Libya sought advanced tools to control the encrypted online-phone service Skype, censor YouTube videos and block Libyans from disguising their online activities by using "proxy" servers, according to documents reviewed by WSJ and people familiar with the matter. But Libya's civil war stalled the talks.

The sale of technology used to intercept communications is generally permissible by law, although manufacturers in some countries, including the US, must first obtain special approval to export high-tech interception devices.

Libya is one of several Middle Eastern and North African states to use sophisticated technologies acquired abroad to crack down on dissidents. Tech firms from the US, Canada, Europe, China and elsewhere have, in the pursuit of profits, helped regimes block websites, intercept emails and eavesdrop on conversations.

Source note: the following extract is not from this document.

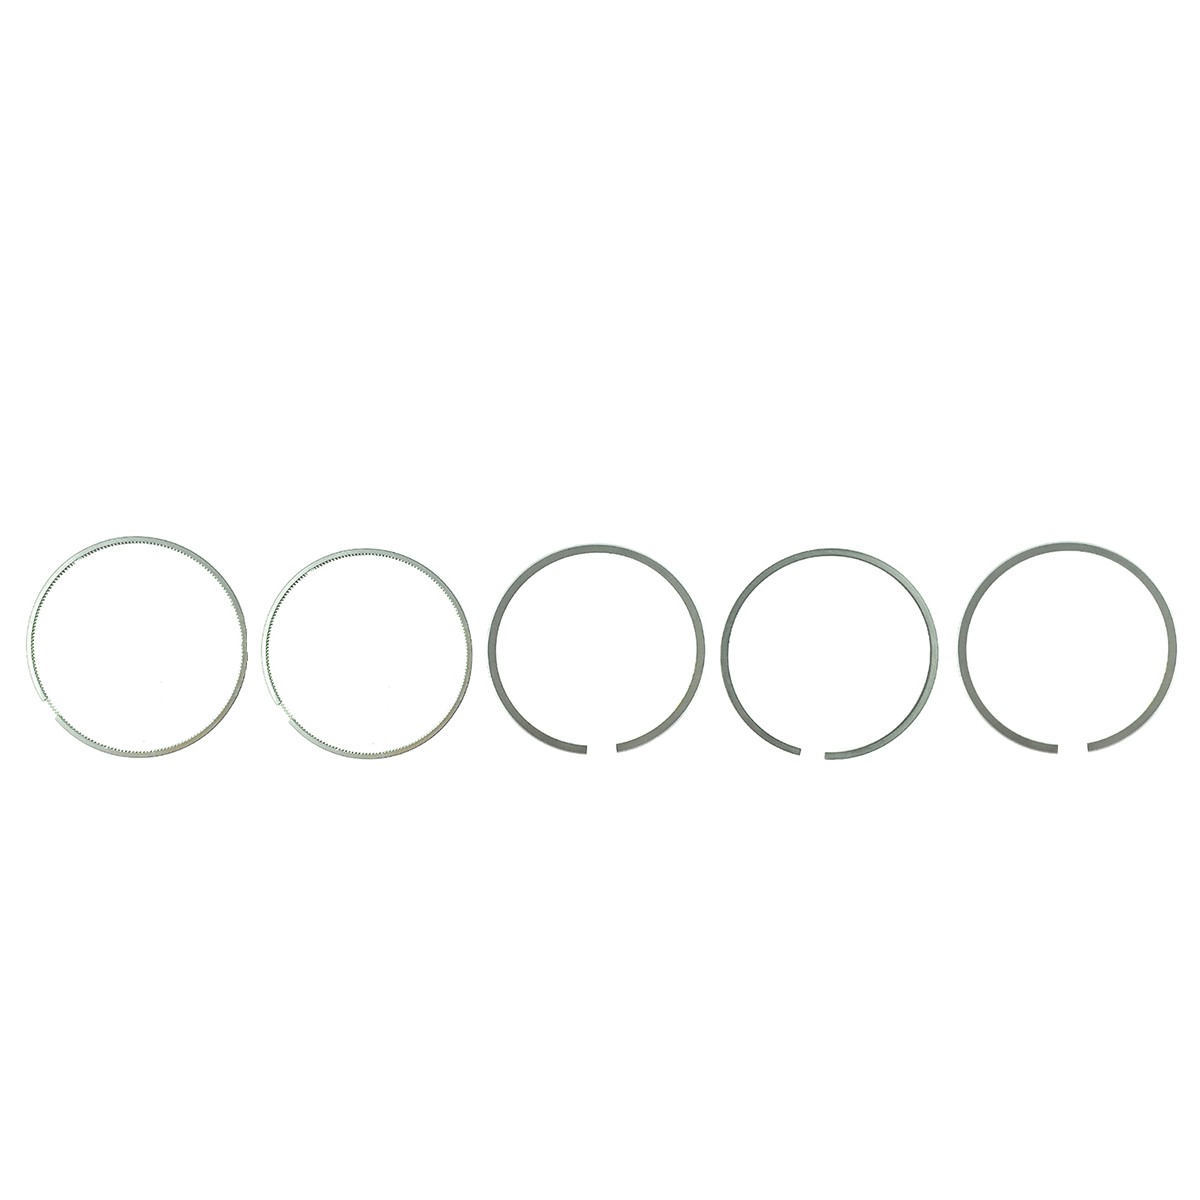 Piston rings / 90 mm / 2 x 2 x 2 x 4.5 x 4.5 / Kubota DS1500/Z1300 / Kubota L240/L260/L280 / 6-26-100-06

Amesys in 2009 equipped the Tripoli monitoring center with "deep packet inspection" technology, one of the most intrusive techniques for snooping on people's online activities, according to people familiar with the matter.

Chinese telecom company ZTE Corp. also provided technology for Libya's monitoring operation, people familiar with the matter said. And VASTech SA Pty Ltd, a small South African firm, provided the regime with tools to tap and log all the international phone calls going in and out of the country, according to emails reviewed by WSJ and people familiar with the matter.

It is unclear how many people worked for the monitoring unit or how long it was operational.